1. Become comfortable designing linear regression models based on visualizations of data.
2. Practice using pyMC to specify a linear regression model in terms of priors and likelihoods.
3. Draw inferences from the posterior of a linear regression model and relate the parameters to predictions.

In this week's lab,
you'll develop a linear regression model:
a model that where one variable's parameters
are a linear function of another variable.

You will be given the choice of dataset,
the opportunity to select variables to relate to one another,
and the freedom to design an accompanying linear regression model.

## Loading the Datasets

The `seaborn` library can download a number of "demonstration" datasets,
many of which are classic datasets in statistics.

The sections below load and describe two datasets from this collection.

They are saved as `csv` files in the `content/shared/data` folder of this course
and loaded into the Python workspace as `DataFrame`s.

In [None]:
shared_data_dir = Path(".") / ".." / ".." / "shared"/ "data"

#### `iris`

The `iris` dataset was also used in Lab 06. The description there is reproduced below.

The `iris` dataset has a long history:
it was introduced by Ronald Fisher in the 1930s
to develop early ideas in statistical classification.

In [None]:
iris = sns.load_dataset("iris", data_home=shared_data_dir)
iris.columns

The dataset contains anatomical measurements of three different `species` of the iris flower:

In [None]:
iris["species"].unique()

The measurements are of the `length` and `width` of two components of the flower:
the `petal` and `sepal`, pictured below.

In [None]:
Image(url="https://upload.wikimedia.org/wikipedia/commons/7/78/Petal-sepal.jpg", width=250)

Petals are the component that most associate with flowers.
Sepals are a more leaf-like, typically green component that primarily serve to protect flowers before they bloom.

The question behind the `iris` dataset is whether
these anatomical features can be used to predict the `species`.

For more information about this dataset, see [Kaggle](https://www.kaggle.com/arshid/iris-flower-dataset).

#### `mpg`

The `auto-mpg` dataset is another common example dataset in data science,
less classic than `iris` but still widely-used.

In [None]:
mpg = sns.load_dataset("mpg", data_home=shared_data_dir)
mpg.columns

It contains information on the engines of cars produced between 1970 and 1982 in the United States, Europe, and Japan.

In [None]:
mpg["model_year"].unique(), mpg["origin"].unique()

The information includes the number of
[`cylinders`](https://en.wikipedia.org/wiki/Cylinder_(engine)) in the engine,
(the famous [V8 engine](https://en.wikipedia.org/wiki/V8_engine) is named for its 8 cylinders),
the size of the engine
(technically [`displacement`](https://en.wikipedia.org/wiki/Engine_displacement),
a measure of the volume acted on by the pistons),
the `horsepower`, a measure of the engine's ability to move mass over distance and time,
the overall `weight` of the vehicle in pounds,
and the `acceleration`, whose meaning and units are somewhat opaque.

In [None]:
mpg.sample(10)

These values are typically used to try and predict the `mpg` variable:
the number of `m`iles the car travels `p`er `g`allon of gas
([the city mpg, rather than highway](https://www.kbb.com/what-is/highway-mpg/)),
also known as the _gas mileage_ or _mileage_.

You are free to relate any pair of numerical variables to one another in your regression model.

For more information about this dataset, see [Kaggle](https://www.kaggle.com/uciml/autompg-dataset).

## Visualizing the Data

The first thing to do when you embark on a new analysis,
especially with new data,
is to visualize the data.

#### Use `pairplot` to visualize the dataset you've chosen to work with.

#### Q Select a pair of variables that appear to be linearly related to one another.

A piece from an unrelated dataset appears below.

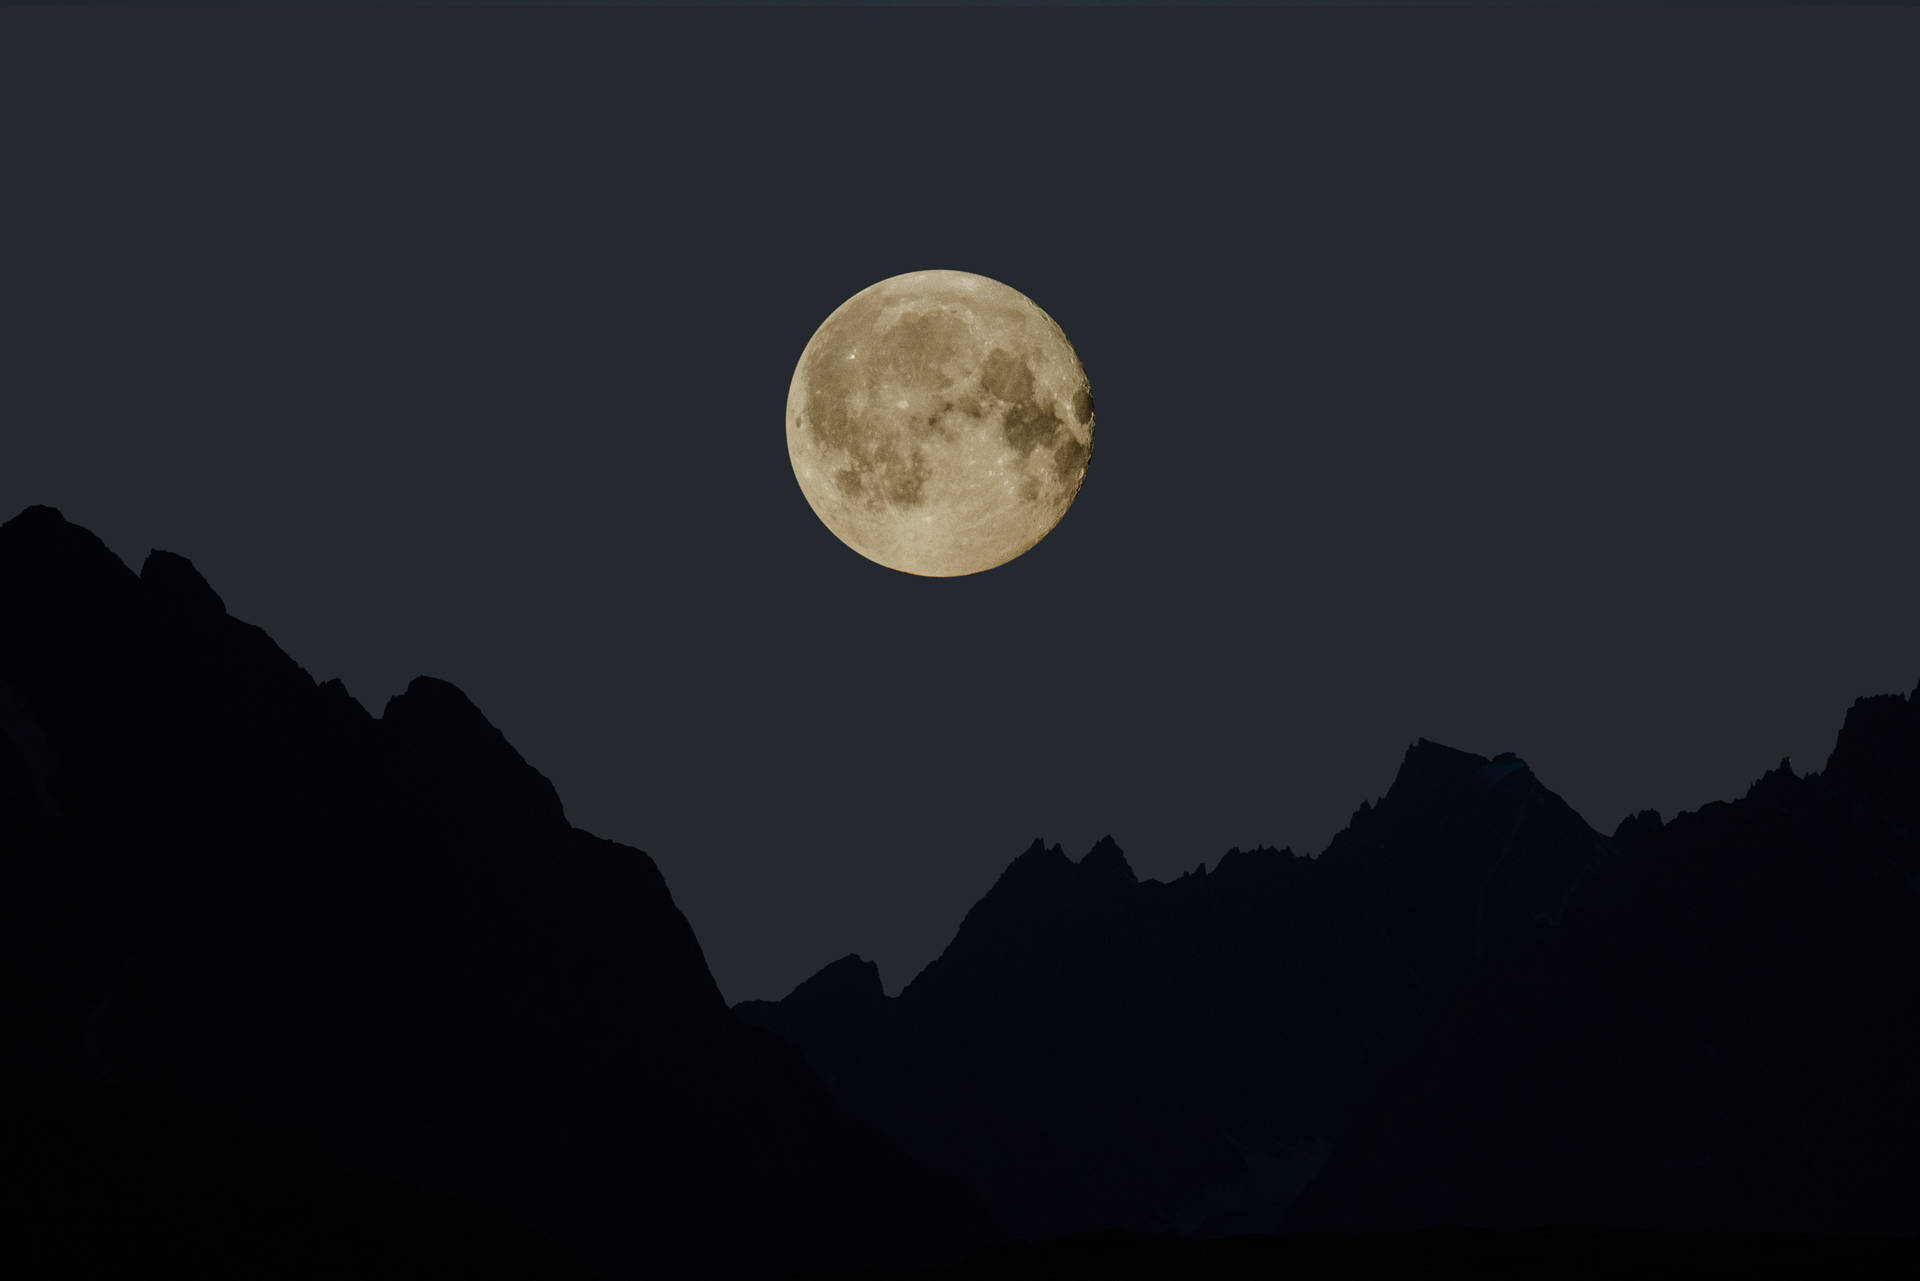 Aesthetic wallpaper of yellow full moon and mountain silhouette. 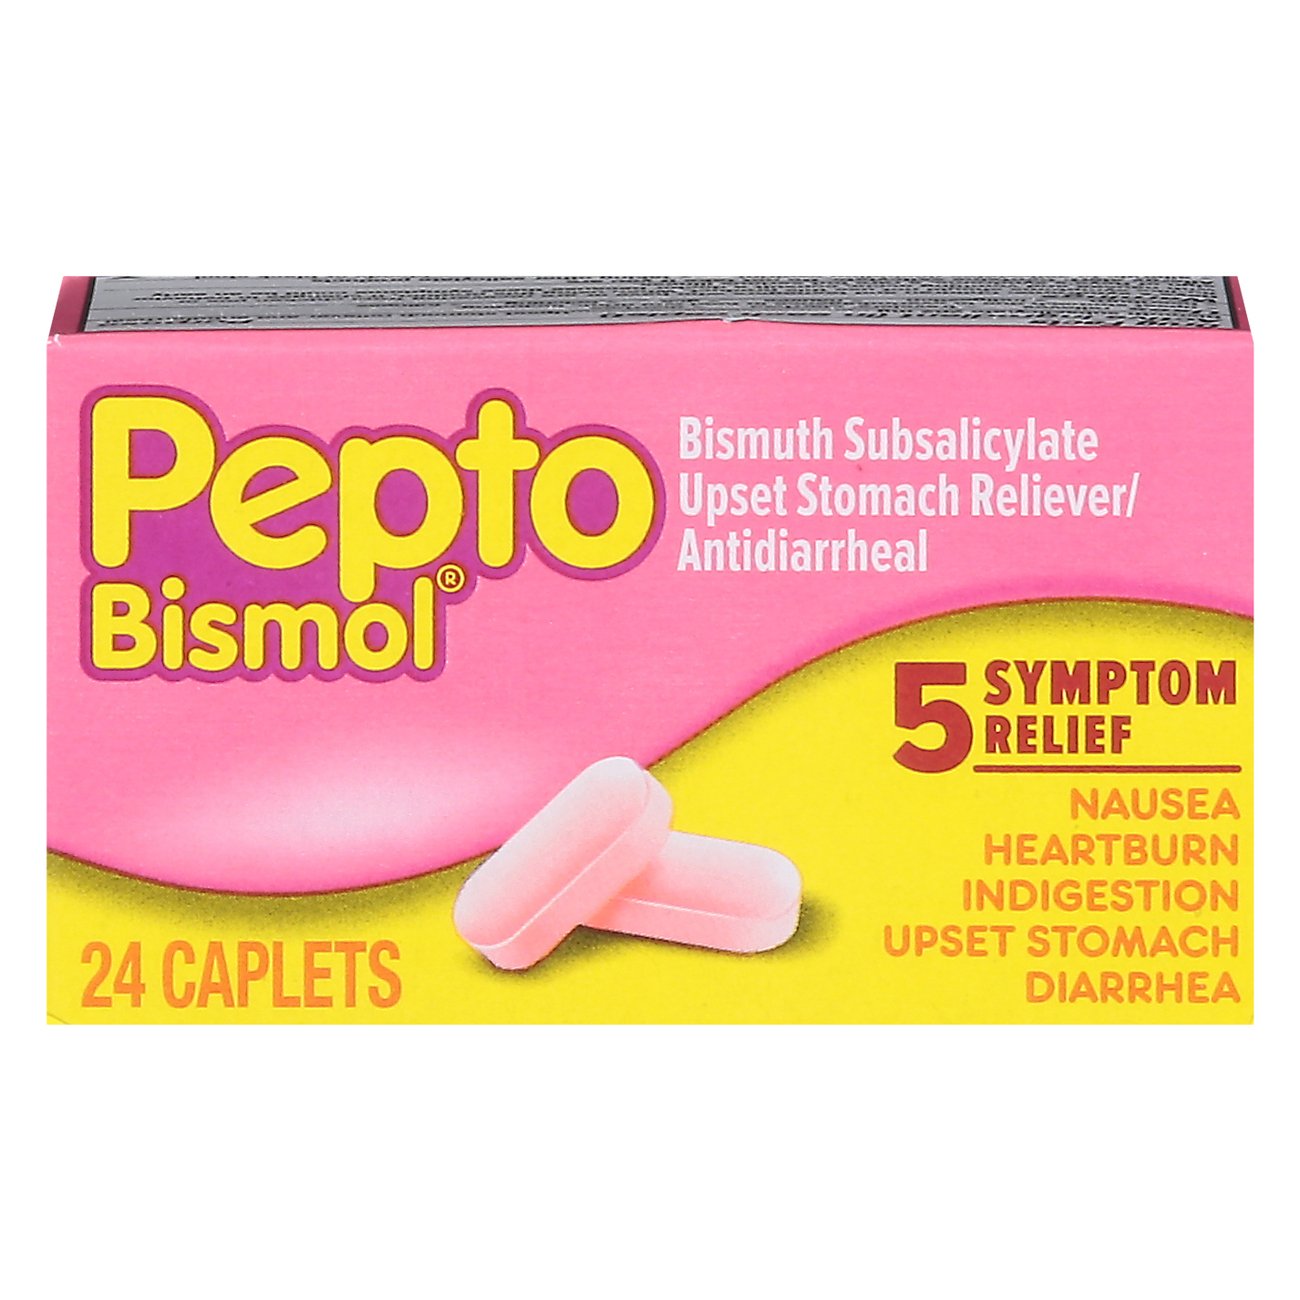 how much chewable pepto bismol for dogs

Why do you suspect that the relationship is linear? Use the visual features of the `pairplot`.

## Creating a Model of the Data

#### For the variables you described above, define a linear regression model and use it to infer a posterior distribution over the slope and intercept parameters of the relationship.

You are encouraged, but not required,
to use some of the advanced linear regression concepts
covered in the second set of slides,
e.g. robust regression, ridge regression, and LASSO regression.

You do not need to standardize your data with $z$-scoring,
but that might make the setting of a ROPE easier below.

#### Q Identify the "prior" component of your model and explain your choice of distribution for each random variable in it.

#### Q Identify the "likelihood" component of your model and explain your choice of distribution for each random variable in it.

## Drawing an Inference about the Presence of a Relationship

Draw samples from the posterior of your model
(you'll want at least 1000, perhaps more).
Then visualize the posterior over the
slope parameter of your model
and obtain a 95% highest posterior density interval.

Include a Region of Practical Equivalence (ROPE) using the `rope` kwarg of `pm.plot_posterior`.

#### Use the visualization of the posterior samples, the ROPE, and the 95% HPD to answer the question(s) below.

#### Q What does your posterior tell you about the probable nature of the relationship between the two variables? Relate your claim to the features of the posterior, the 95% HPDI, and the ROPE, or to the value of a function computed on the posterior samples.

Regression models are more commonly used for prediction,
rather than hypothesis testing,
and so MAP estimation is often natural.

#### Find the MAP parameters of your model and plot the predictions associated with those parameters on top of the data.